This same structure later supported global finance, supply chains, insurance, reserve currencies, legal jurisdictions, standards, and multinational production.
Nodes can fail.
Routes can change.
Capital can migrate.
The interface network must continue.
China has historically relied more on rebuilding the productive base to restore the whole. The West has relied more on replacing nodes to preserve the network.
This is an analytical distinction, not a claim that either side possesses only one method.
V. Does American industrial mobilization in the Second World War constitute a counterexample?
The United States during the Second World War demonstrated extraordinary production capacity.
The state redirected industry, allocated materials, placed orders, coordinated logistics, expanded shipbuilding, aircraft production, and armaments, and mobilized labor on a massive scale.

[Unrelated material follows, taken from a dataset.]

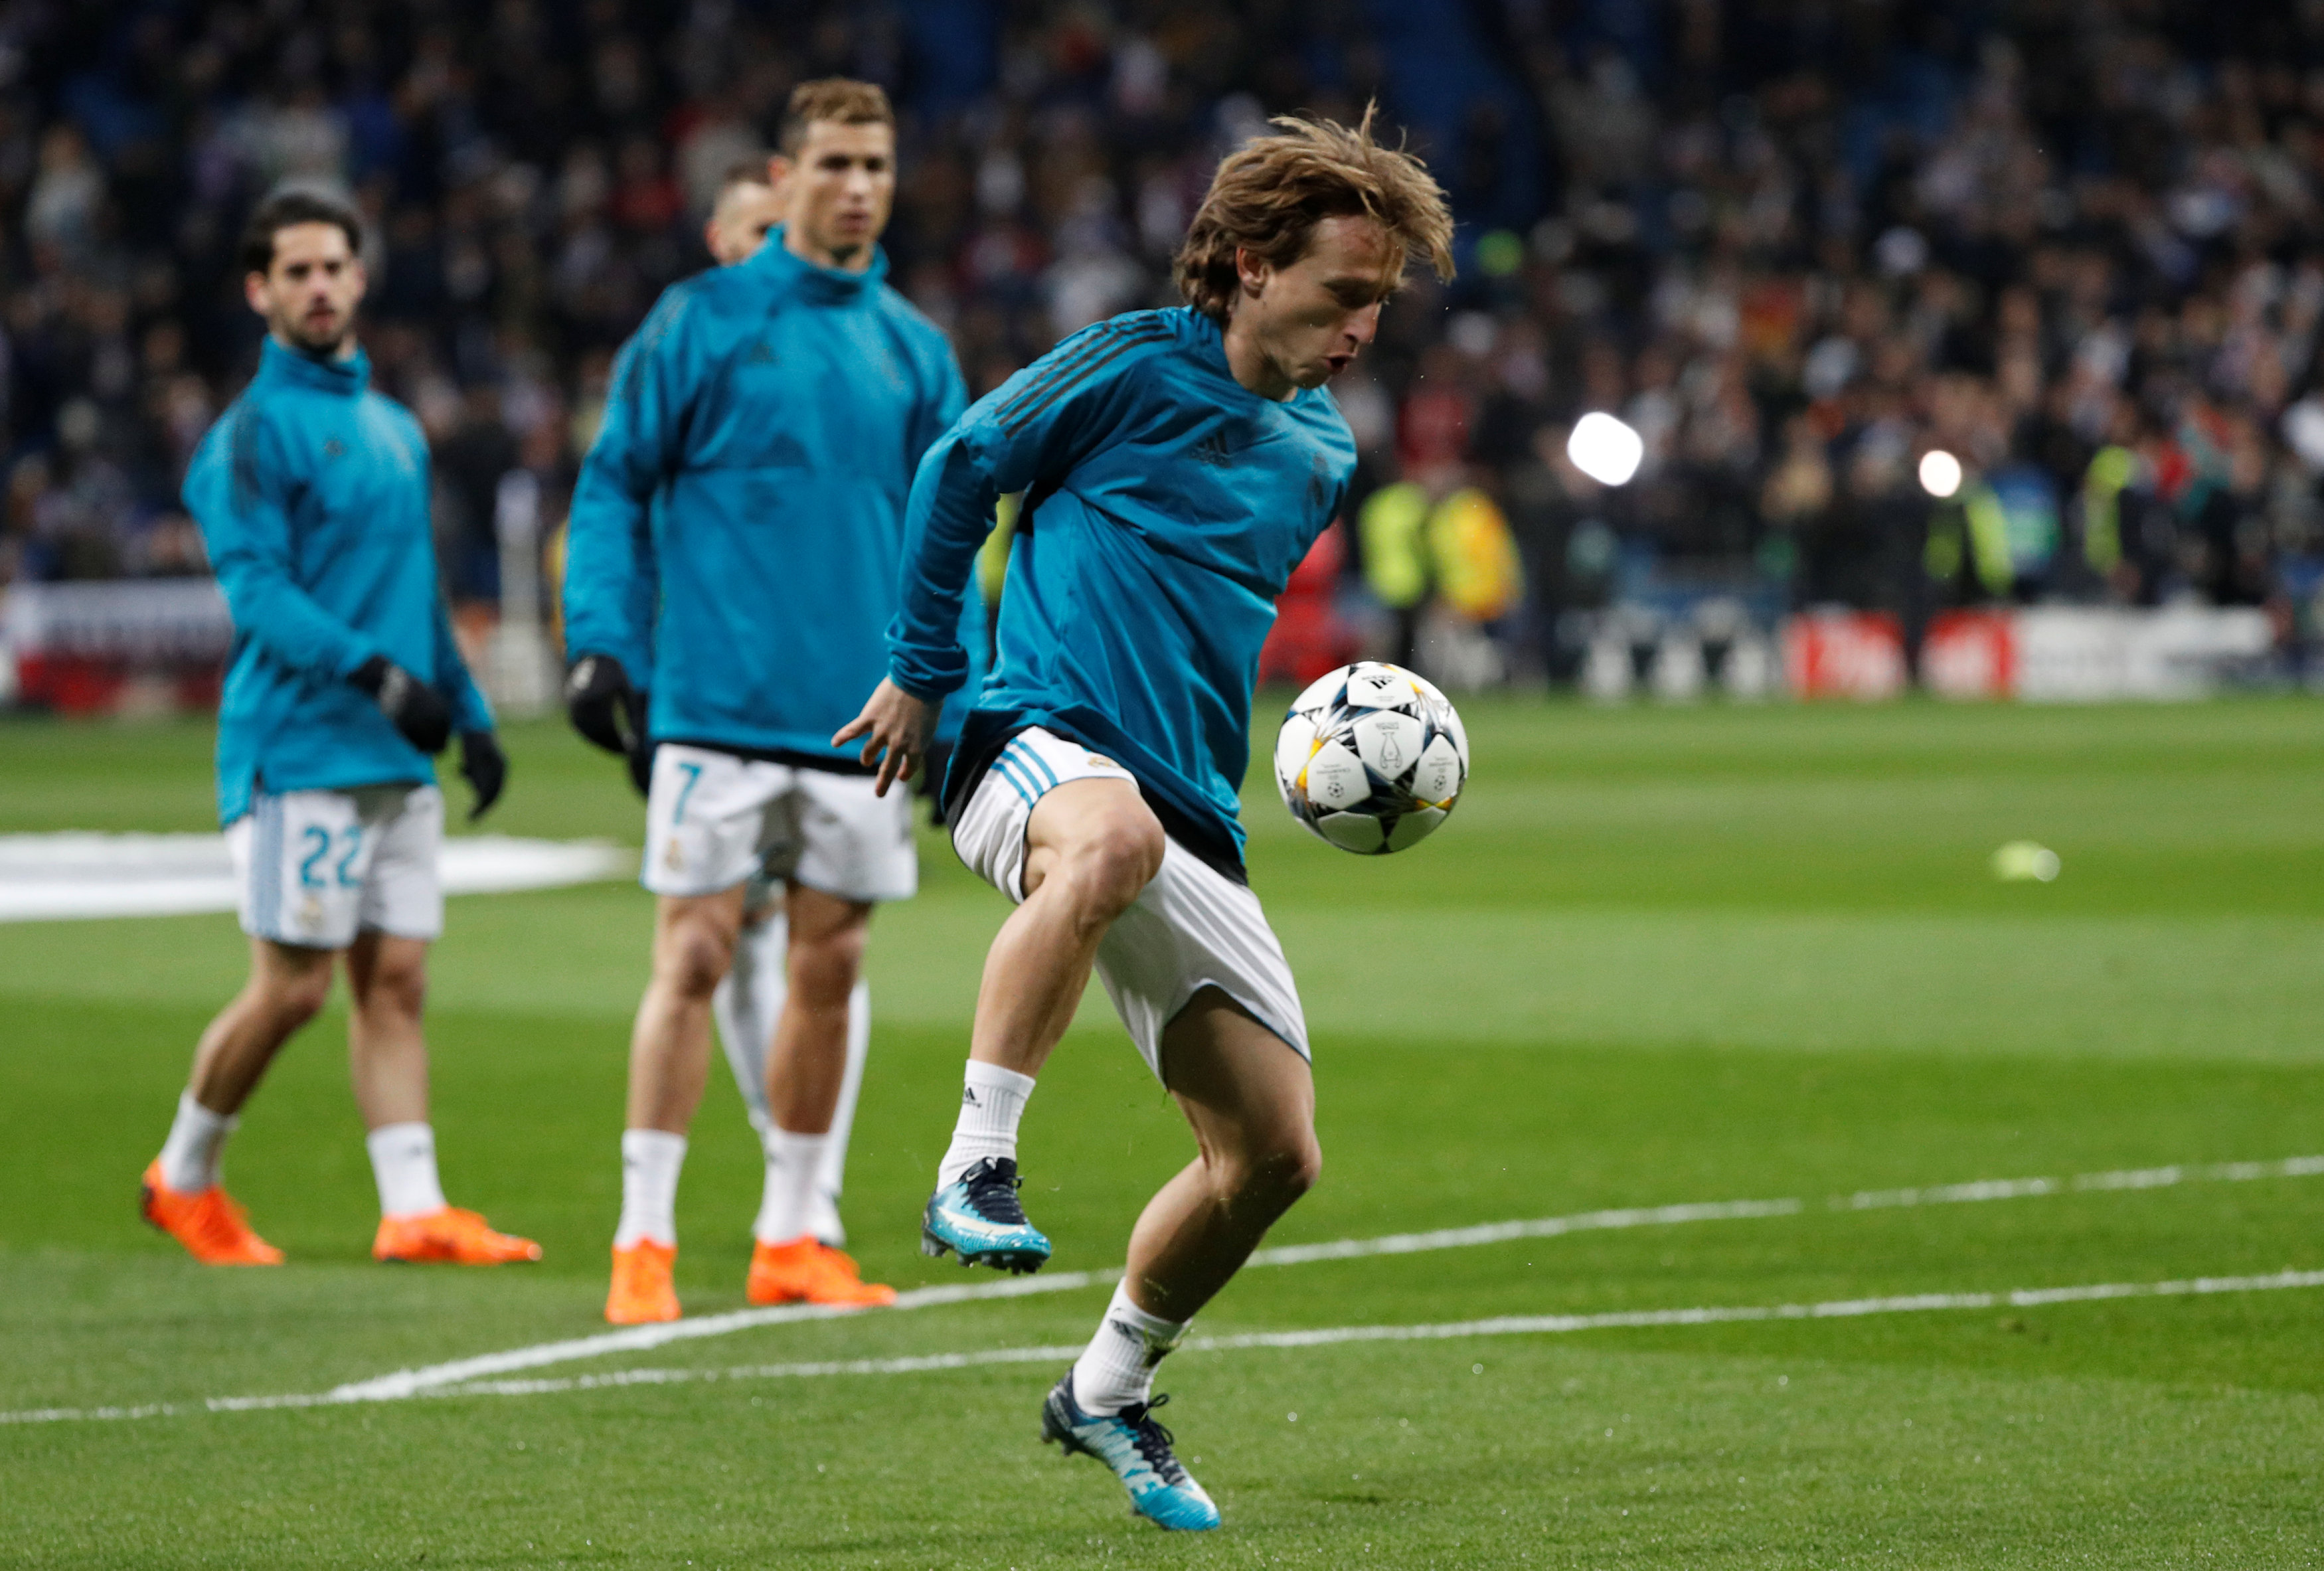 Football: Real's Modric, Marcelo doubtful for PSG match

This is one of the strongest boundary tests for the argument of this series.
It proves that a Western state can organize production systemically under extreme conditions.
But the institutional language of mobilization remained largely interface-based.
The state did not abolish firms, contracts, prices, wages, costs, profits, credit, or private ownership.
Instead, it:
- directed procurement;
- guaranteed orders;
- controlled priorities;
- regulated prices;
- allocated materials;
- financed capacity;
- specified which outputs would be rewarded.
In other words:
The state took command of the direction of market interfaces.
More precisely:
The United States did not replace price with contribution. It used state power to redefine which contributions could enter price.
Wartime mobilization therefore does not disprove the argument.
It shows that interface systems can be powerfully redirected toward system construction when political authority changes the objective.
The key distinction is between:
- possessing system capacity;
- and making system construction the first foundation of normal mainstream economic thought.
The United States clearly possessed the former.
This series argues that the latter did not become the permanent default.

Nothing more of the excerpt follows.